For SAH group: to establish a rat model of SAH [11], animals were anesthetized following intraperitoneal injection of 4% chloral hydrate at a dosage of 1 mL/100 g. Then, the rat lay prostrate with its head located in a suitable position by fixing firmly in a stereotaxic apparatus (Zhenghua Biologics, Anhui, China). The bregma was exposed though a middle scalp incision. With the site of 7.5 mm anterior to the bregma, a miniature drilling was used to create a 1 mm hole. The needle was placed at an angle of 45° from the sagittal plane, inserted slowly towards the midline. The needle was advanced 11 mm into the prechiasmatic cistern and reached the depth about 2–3 mm anterior to the chiasm, and retracted 0.5 mm. Then, 300 μL of fresh and non-heparinized blood extracted from left inguen artery were injected into prechiasmatic cistern in 20 s.

For sham group: All the procedures of surgery were same as the SAH group. But, the rat in the sham group underwent administration 300 μL saline rather than fresh and non-heparinized blood.

For SAH + apelin-13 group: All the procedures of surgery were same as the SAH group. Rats were administrated apelin-13 immediately after SAH induction. Rats were injected intracerebroventricularly with apelin-13 (ab141010, Abcam, USA) at 25 μg/kg, 50 μg/kg, and 100 μg/kg, by using a Hamilton microsyringe. The dosage of apelin-13 was chosen according to the previous article described with minor modifications [12]. The hole for drug injection located lateral 1.5 mm from the bregma and depth 3.5 mm from the skull bone. The Hamilton microsyringe was stayed for 5 min in order to let the drugs dilute into the ventricle maximally.

For SAH + vehicle group: All the procedures were same as the SAH + apelin-13 group. But, the drugs of apelin-13 was replaced by 10 μL physiological saline.

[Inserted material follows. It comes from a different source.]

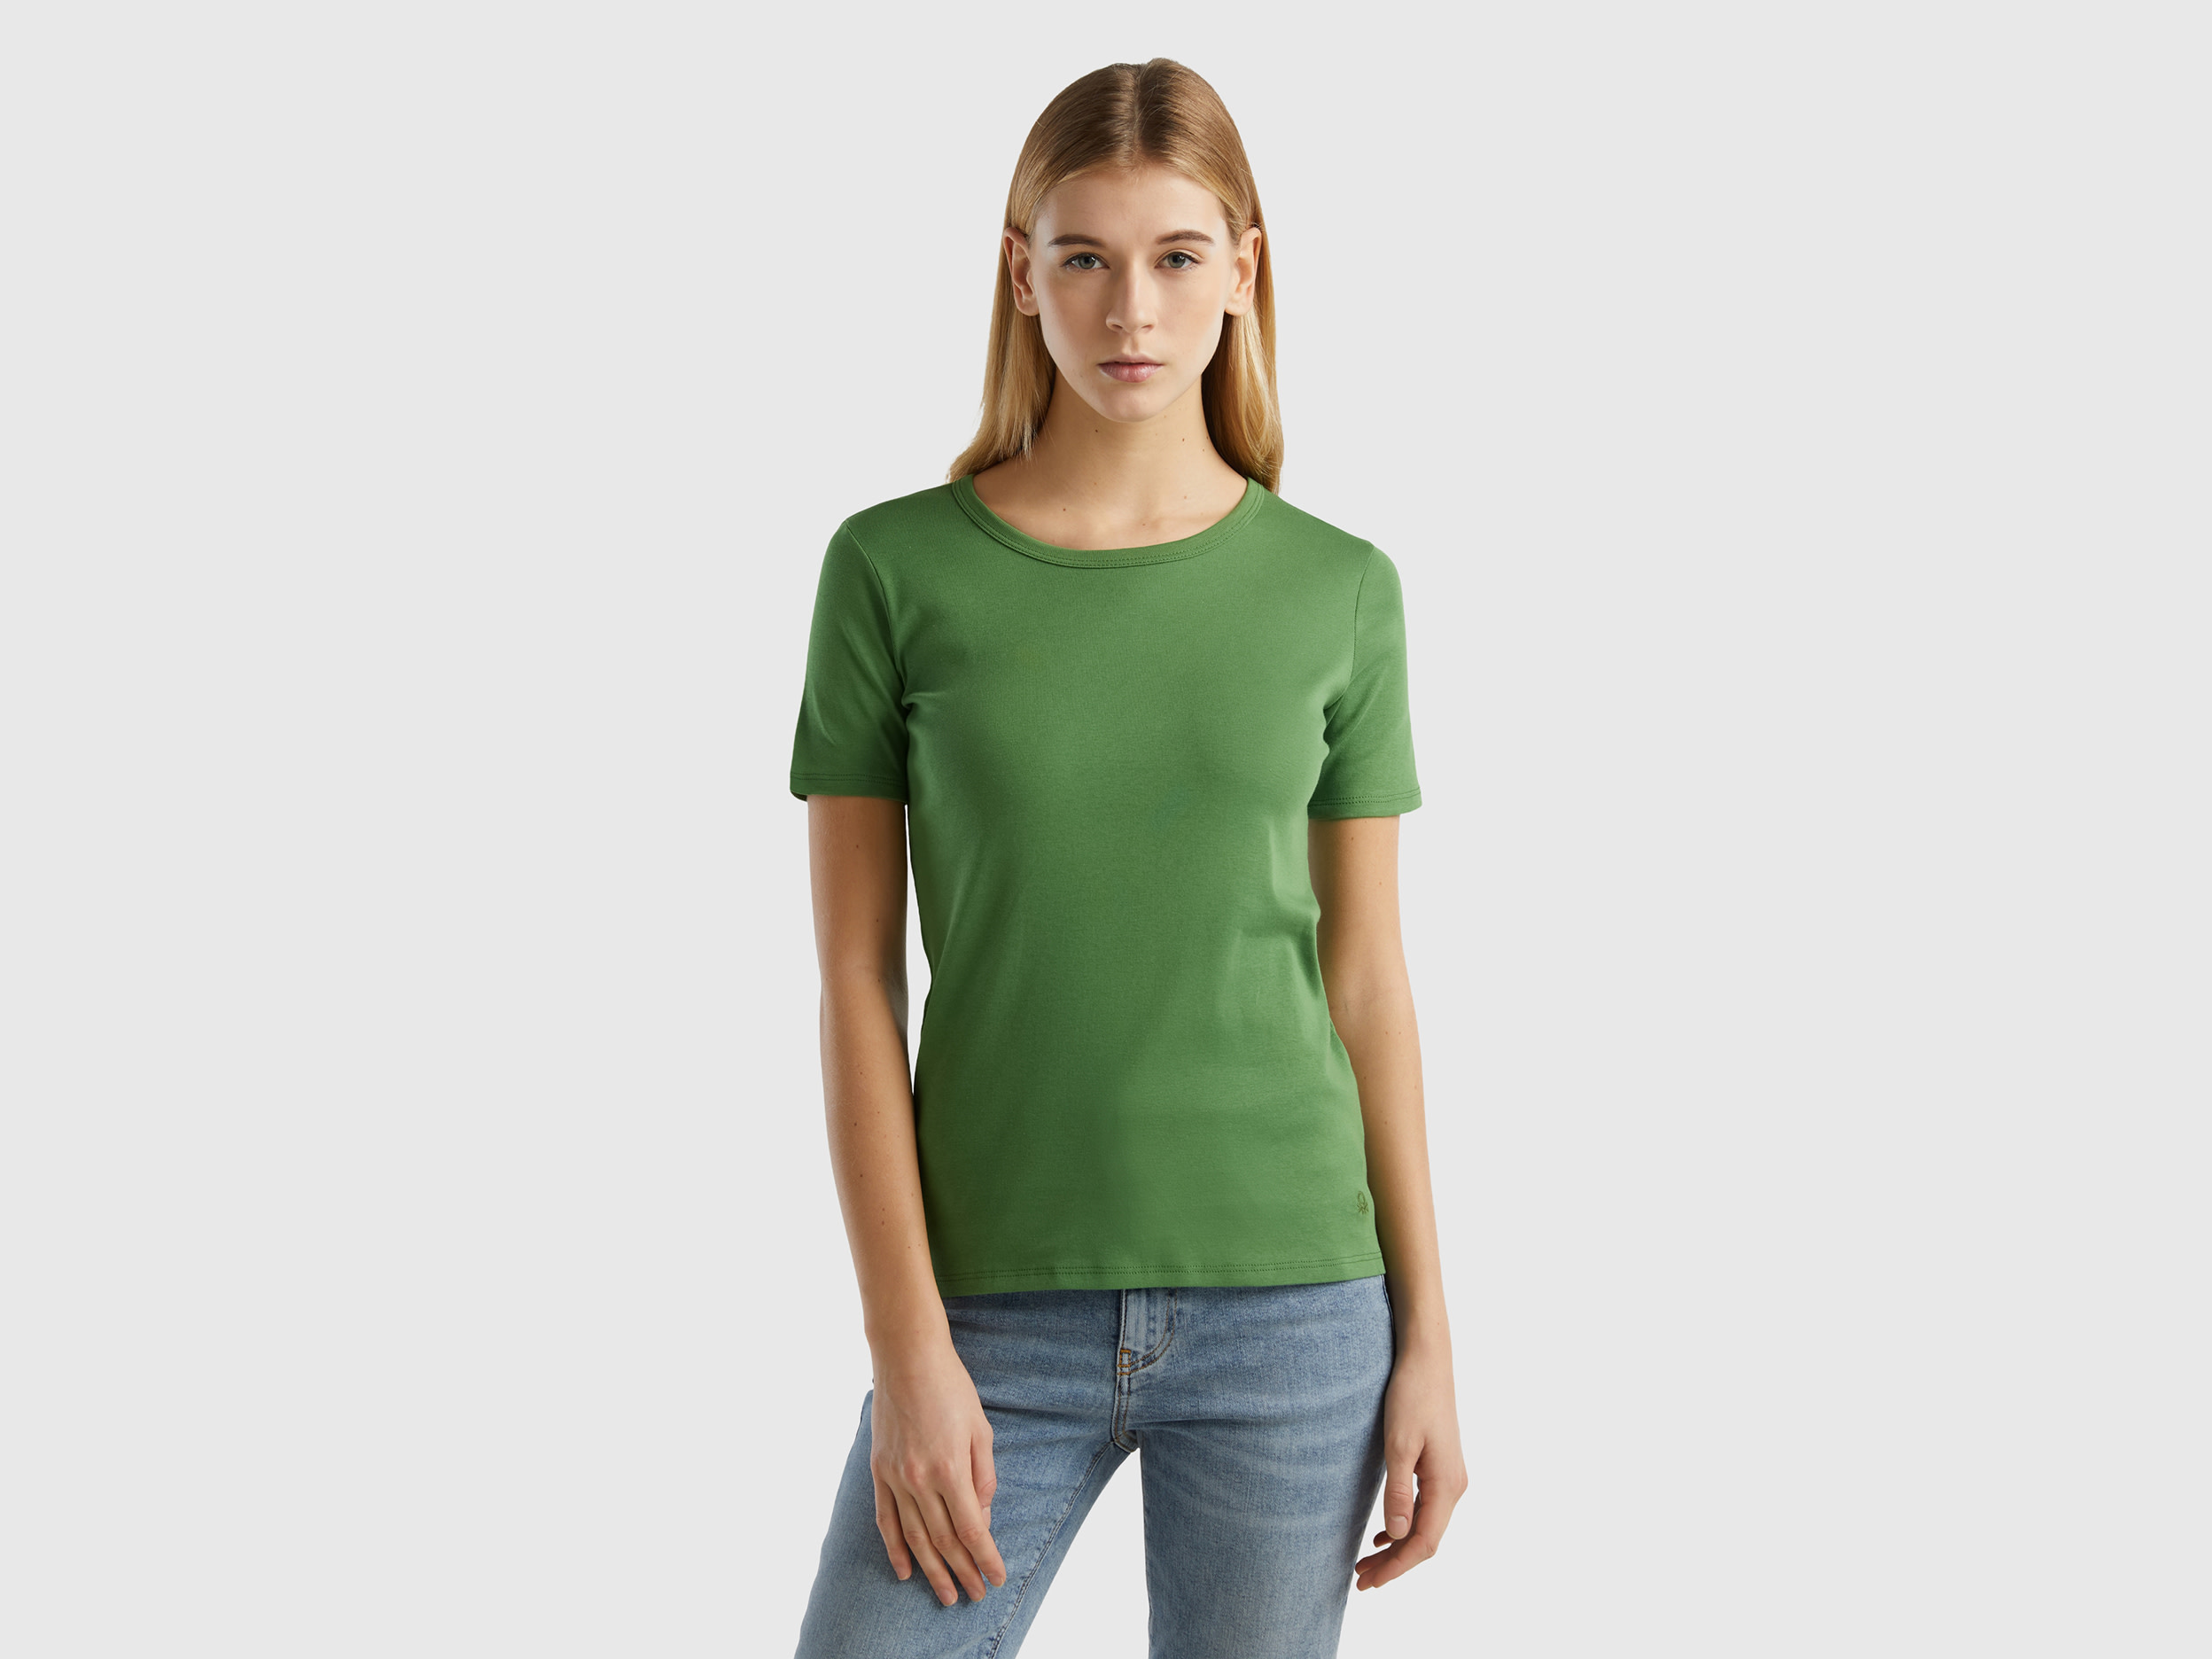 Benetton, Long Fiber Cotton T-shirt, size XS, Military Green, Women

After surgery, the incision was then sutured and 5 mL of 0.9% NaCl was injected subcutaneously to prevent dehydration of experimental rats. All animals were placed appropriately and recover for 45 min. After recovery, animals were put back to their individual cages and food and water were provided without restriction. The feeding room was maintained with suitable humidity and was kept at the temperature of 23 ± 1 °C. The inferior basal temporal lobe was stained with blood if the SAH model was established correctly (Fig. 1B). To satisfy all groups have equal numbers, new rats were included in the study to substitute dead.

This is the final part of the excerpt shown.